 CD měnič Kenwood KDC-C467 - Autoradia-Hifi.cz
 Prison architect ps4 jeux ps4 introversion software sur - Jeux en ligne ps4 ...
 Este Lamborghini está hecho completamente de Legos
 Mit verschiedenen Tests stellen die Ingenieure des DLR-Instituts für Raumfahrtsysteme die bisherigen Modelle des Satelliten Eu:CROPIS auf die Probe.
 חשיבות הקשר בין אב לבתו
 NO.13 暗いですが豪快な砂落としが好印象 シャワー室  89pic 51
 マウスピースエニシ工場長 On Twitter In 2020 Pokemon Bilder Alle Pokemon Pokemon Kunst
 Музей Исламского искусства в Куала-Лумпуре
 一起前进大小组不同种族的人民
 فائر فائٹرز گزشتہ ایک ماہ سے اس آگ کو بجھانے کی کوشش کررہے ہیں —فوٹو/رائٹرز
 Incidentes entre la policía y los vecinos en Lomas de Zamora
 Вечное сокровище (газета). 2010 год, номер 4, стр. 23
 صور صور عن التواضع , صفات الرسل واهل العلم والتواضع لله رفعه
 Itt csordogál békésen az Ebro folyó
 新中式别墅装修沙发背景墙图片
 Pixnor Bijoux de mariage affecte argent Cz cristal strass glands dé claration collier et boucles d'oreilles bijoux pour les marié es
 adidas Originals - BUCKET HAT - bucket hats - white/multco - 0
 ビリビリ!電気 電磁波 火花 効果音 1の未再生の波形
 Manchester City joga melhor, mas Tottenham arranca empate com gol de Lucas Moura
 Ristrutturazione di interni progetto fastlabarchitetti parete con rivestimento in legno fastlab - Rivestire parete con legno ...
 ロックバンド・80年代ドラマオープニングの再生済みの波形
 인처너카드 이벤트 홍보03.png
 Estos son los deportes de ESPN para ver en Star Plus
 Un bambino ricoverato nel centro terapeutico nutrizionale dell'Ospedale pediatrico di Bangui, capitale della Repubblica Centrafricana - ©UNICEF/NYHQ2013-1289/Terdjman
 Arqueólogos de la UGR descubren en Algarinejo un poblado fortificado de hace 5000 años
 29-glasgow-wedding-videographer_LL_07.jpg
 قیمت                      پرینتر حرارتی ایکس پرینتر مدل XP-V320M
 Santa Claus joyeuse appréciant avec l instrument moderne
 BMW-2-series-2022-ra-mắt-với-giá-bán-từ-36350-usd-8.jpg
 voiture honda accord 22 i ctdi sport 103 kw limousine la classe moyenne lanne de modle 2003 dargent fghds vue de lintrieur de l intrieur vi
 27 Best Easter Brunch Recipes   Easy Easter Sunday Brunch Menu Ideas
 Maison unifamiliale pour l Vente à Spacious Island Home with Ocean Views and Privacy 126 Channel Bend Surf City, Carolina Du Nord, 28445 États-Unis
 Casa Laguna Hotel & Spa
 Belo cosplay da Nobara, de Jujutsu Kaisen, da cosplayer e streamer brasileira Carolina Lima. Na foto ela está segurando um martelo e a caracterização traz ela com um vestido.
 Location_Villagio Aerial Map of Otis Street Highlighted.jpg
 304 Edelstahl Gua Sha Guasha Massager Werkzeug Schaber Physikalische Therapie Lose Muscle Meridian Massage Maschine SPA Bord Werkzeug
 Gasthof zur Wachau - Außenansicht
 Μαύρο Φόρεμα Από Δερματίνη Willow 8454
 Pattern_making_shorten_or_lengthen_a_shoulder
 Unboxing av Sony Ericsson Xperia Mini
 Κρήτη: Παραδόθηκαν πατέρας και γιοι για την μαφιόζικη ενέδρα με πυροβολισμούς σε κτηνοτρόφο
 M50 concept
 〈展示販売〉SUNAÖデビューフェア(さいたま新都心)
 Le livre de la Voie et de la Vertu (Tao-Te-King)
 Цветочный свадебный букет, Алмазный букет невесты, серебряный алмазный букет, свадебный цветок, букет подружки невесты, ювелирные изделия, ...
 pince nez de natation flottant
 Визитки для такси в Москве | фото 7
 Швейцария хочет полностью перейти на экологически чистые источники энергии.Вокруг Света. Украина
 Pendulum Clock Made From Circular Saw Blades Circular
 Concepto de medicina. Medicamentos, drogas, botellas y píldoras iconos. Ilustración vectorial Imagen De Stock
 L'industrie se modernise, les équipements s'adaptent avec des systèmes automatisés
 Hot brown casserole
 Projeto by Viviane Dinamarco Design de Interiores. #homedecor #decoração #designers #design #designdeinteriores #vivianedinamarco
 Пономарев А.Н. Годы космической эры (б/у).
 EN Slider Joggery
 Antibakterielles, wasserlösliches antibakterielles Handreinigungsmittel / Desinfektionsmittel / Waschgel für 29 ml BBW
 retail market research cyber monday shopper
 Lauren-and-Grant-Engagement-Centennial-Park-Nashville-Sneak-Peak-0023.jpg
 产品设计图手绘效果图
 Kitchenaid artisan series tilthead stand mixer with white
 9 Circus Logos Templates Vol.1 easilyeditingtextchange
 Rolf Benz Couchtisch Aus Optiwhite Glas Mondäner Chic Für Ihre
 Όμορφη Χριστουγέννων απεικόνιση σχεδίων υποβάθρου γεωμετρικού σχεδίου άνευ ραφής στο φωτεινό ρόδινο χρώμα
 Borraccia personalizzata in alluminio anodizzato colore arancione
________
### Task description:
Report, for the data above, every line in which the string "City" appears.

### Solution to the problem:
 Manchester City joga melhor, mas Tottenham arranca empate com gol de Lucas Moura
 Maison unifamiliale pour l Vente à Spacious Island Home with Ocean Views and Privacy 126 Channel Bend Surf City, Carolina Du Nord, 28445 États-Unis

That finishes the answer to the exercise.